At 6:22, it was Colton Saucerman whose shot got tipped by Brendan Silk’s stick on defense and floated in the air into the back of the net. A minute later, a holding penalty on Bill Arnold seemed to signal the game was unraveling for the Eagles.

However, the BC penalty kill, which had been aggressive all night on the blue line, sparked a comeback that would wipe the lead away in short order. At 7:50 and with NU scrambling to cover the defensive zone on a BC rush, Michael Matheson swung the puck across to Patrick Brown, who knocked it in to make it 3-2.

“We kill pretty aggressively all the time,” Brown said. “But being down a few goals made it all that more important to rush up ice.”

“We didn’t adjust well enough to kick the puck down lower sooner,” Northeastern coach Madigan recalled about the power play. “They jumped us.”

Capping the comeback was an incredible goal from Johnny Gaudreau at 12:51, as he netted his sixth of the year on a shot from below the goal line. While he was being pursued on a rush, Gaudreau seemed to take himself out of an angle by delaying, but he fired it off of the back of Witt’s left leg and into the net, stunning the sellout crowd of 4,746 and tying the score three.

Brown remarked later that few players have the presence of mind to make that decision.

“He sees the ice better than any player I’ve ever played with. It’s pretty cool,” Brown said.

Without a response from the Huskies, the game went to overtime. Just 1:36 into the extra period, Patrick Brown circled the net to the right circle and fired a shot.
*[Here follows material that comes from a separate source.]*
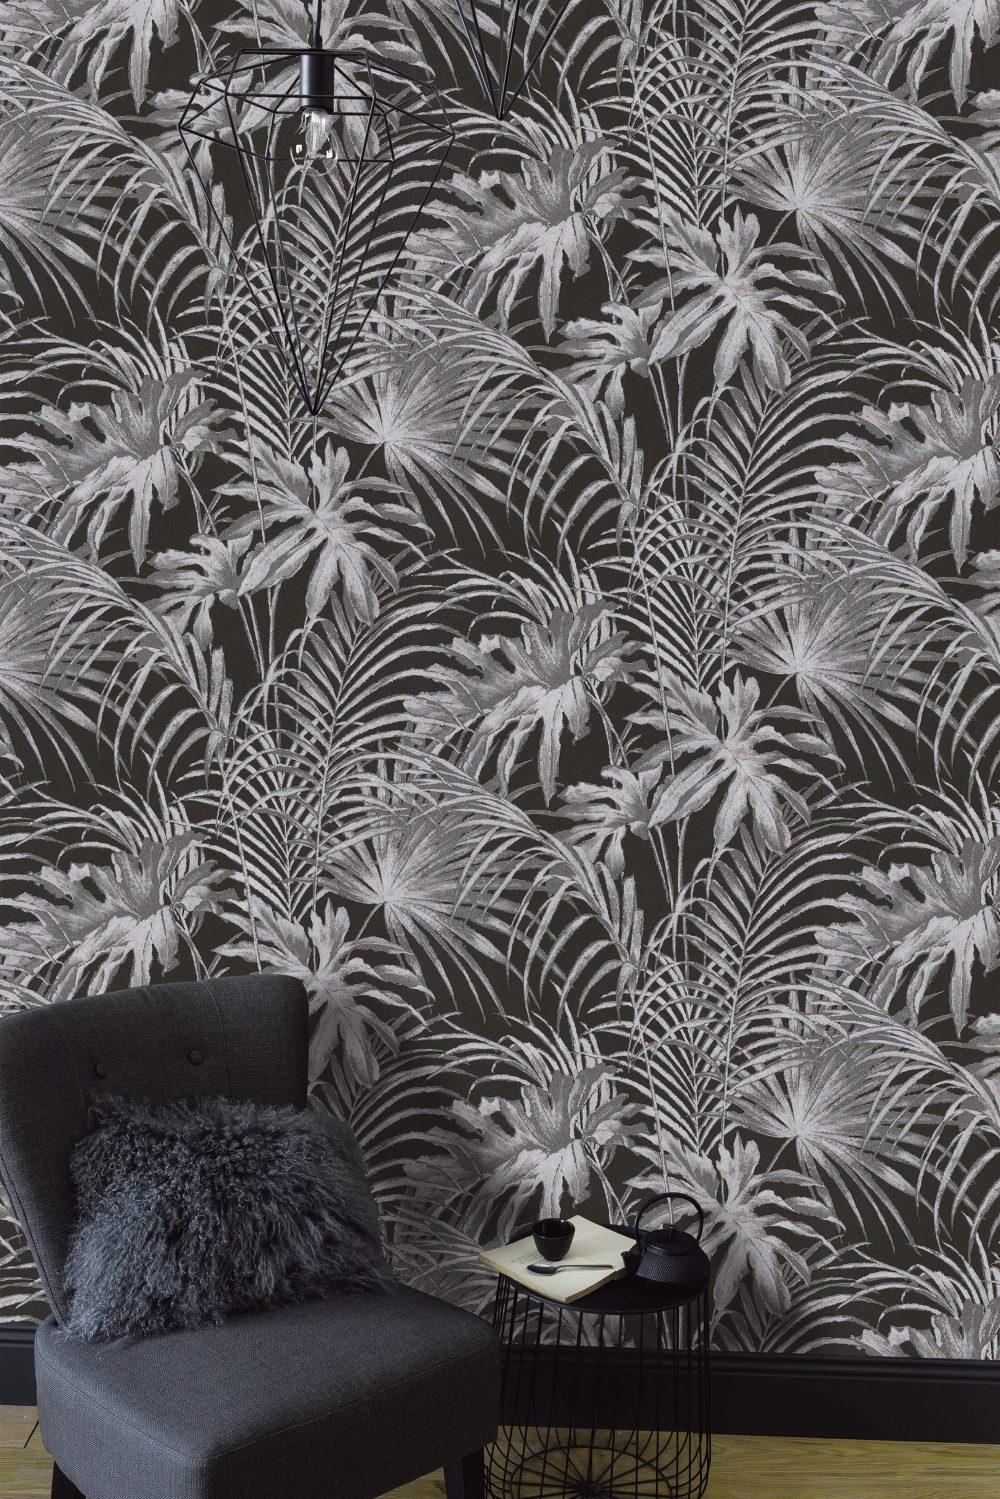 Papier peint à feuillage Jungle en Noir et Blanc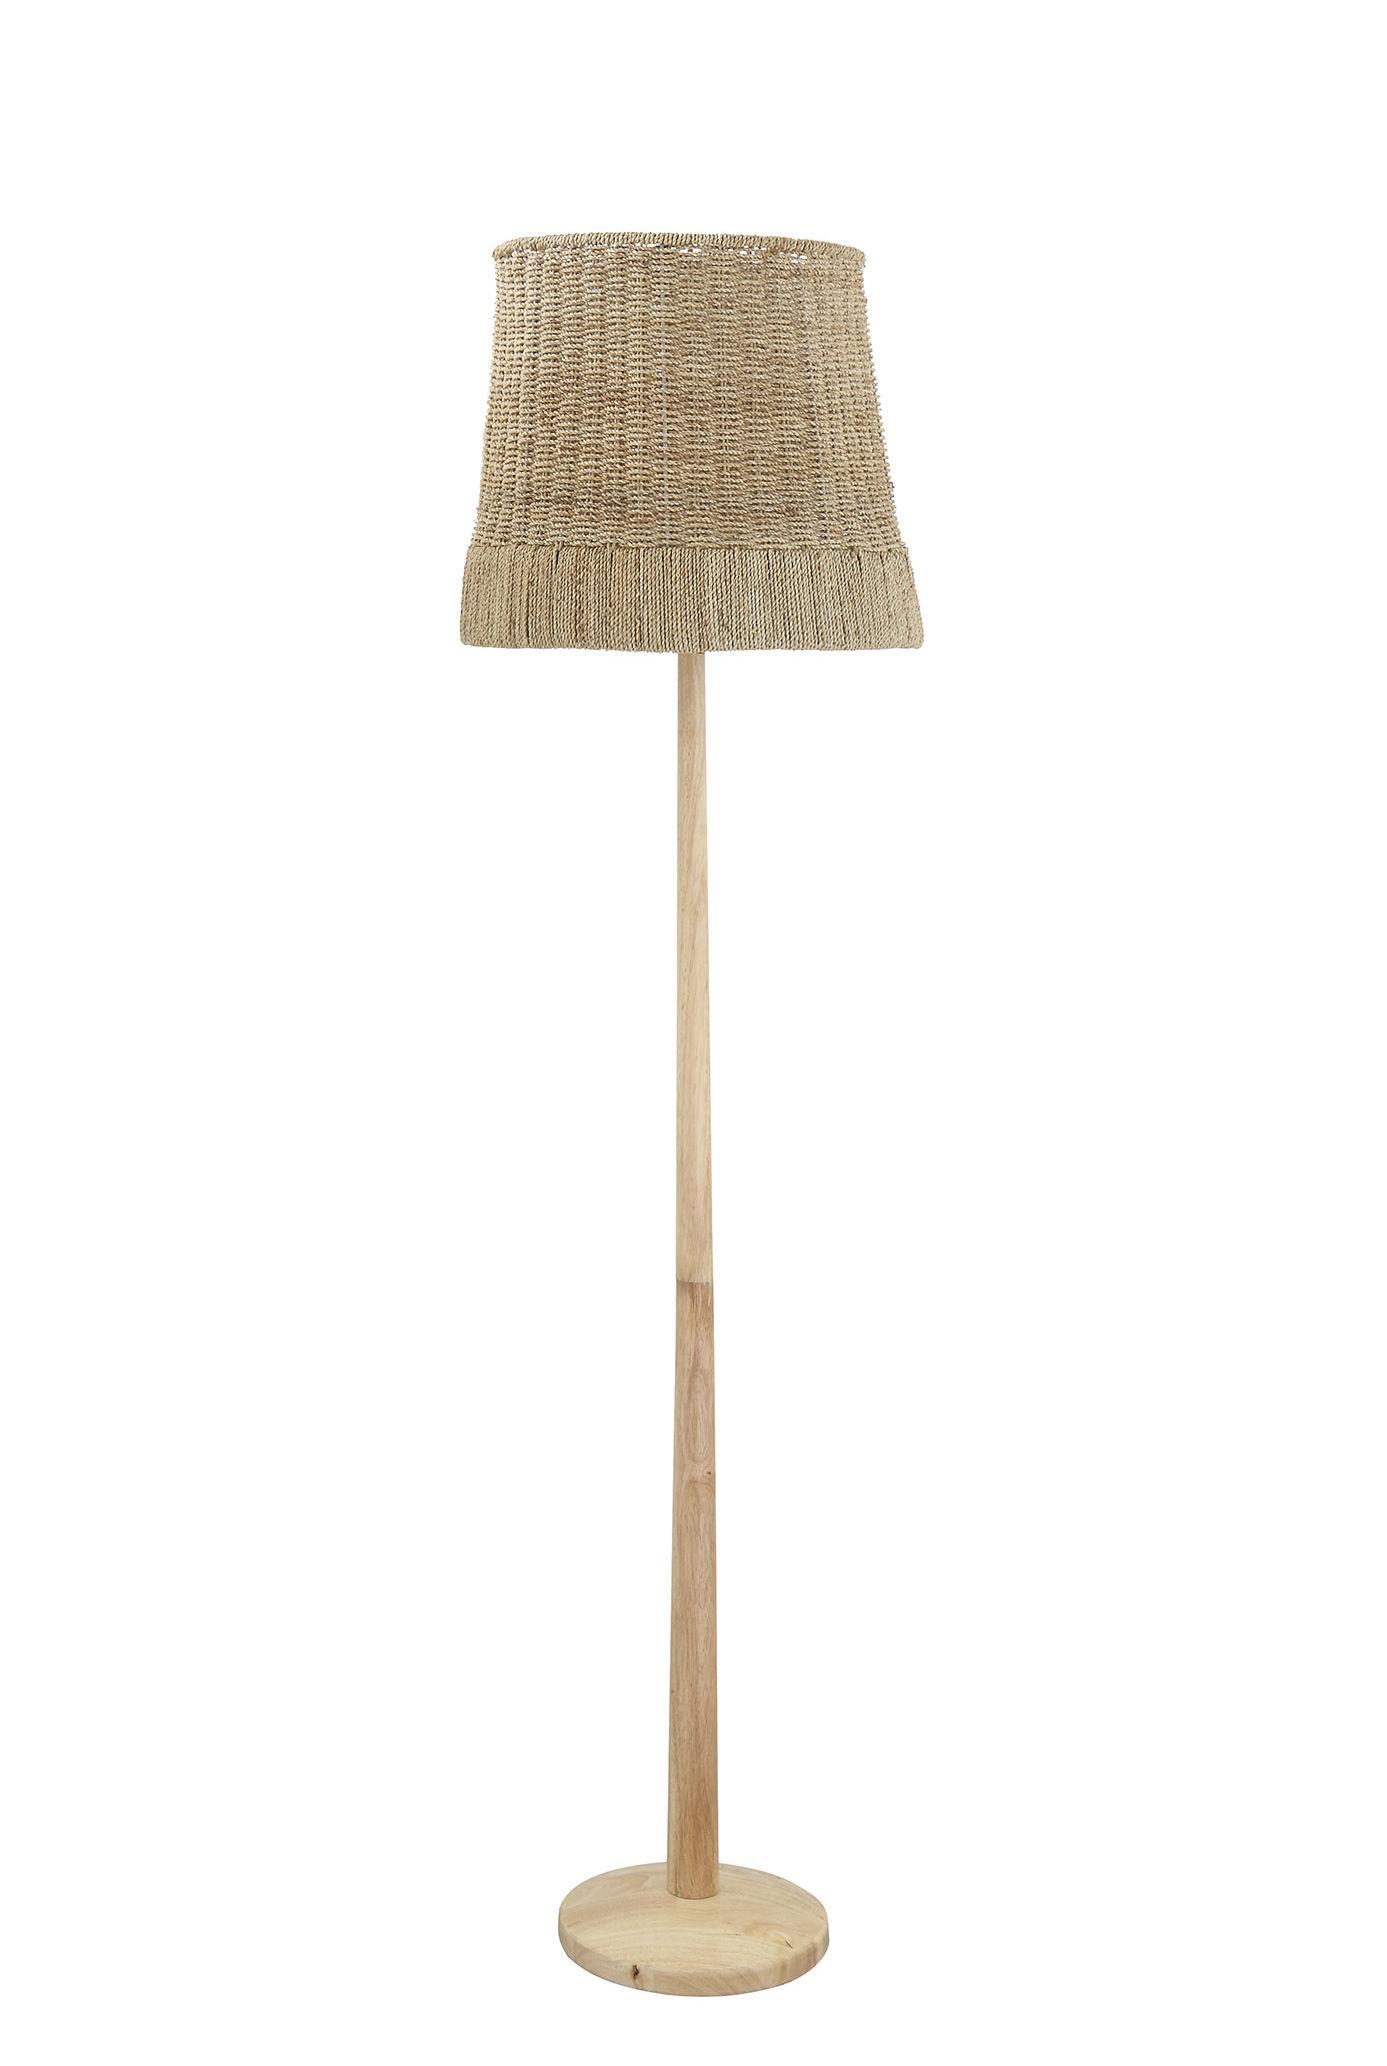 Illuminazione - Lampade da terra - Lampada a stelo Collected - / Rattan & legno di Bloomingville - Rattan naturale - Legno, Midollino

The first attempt was blocked, the second attempt got through, and after Witt kicked a rebound into space, Gilmour pounced, claiming his first career goal, receiving a mob of his teammates seconds later.

“I thought we were in a good rhythm and were playing well; we gave them a short-handed goal and another where [Clay] didn’t get to the post quick enough,” Madigan said. “They just take advantage of those opportunities.”

With a shortened conference schedule this season, this was potentially the last meeting between these two squads, barring a matchup in the Beanpot tournament in February.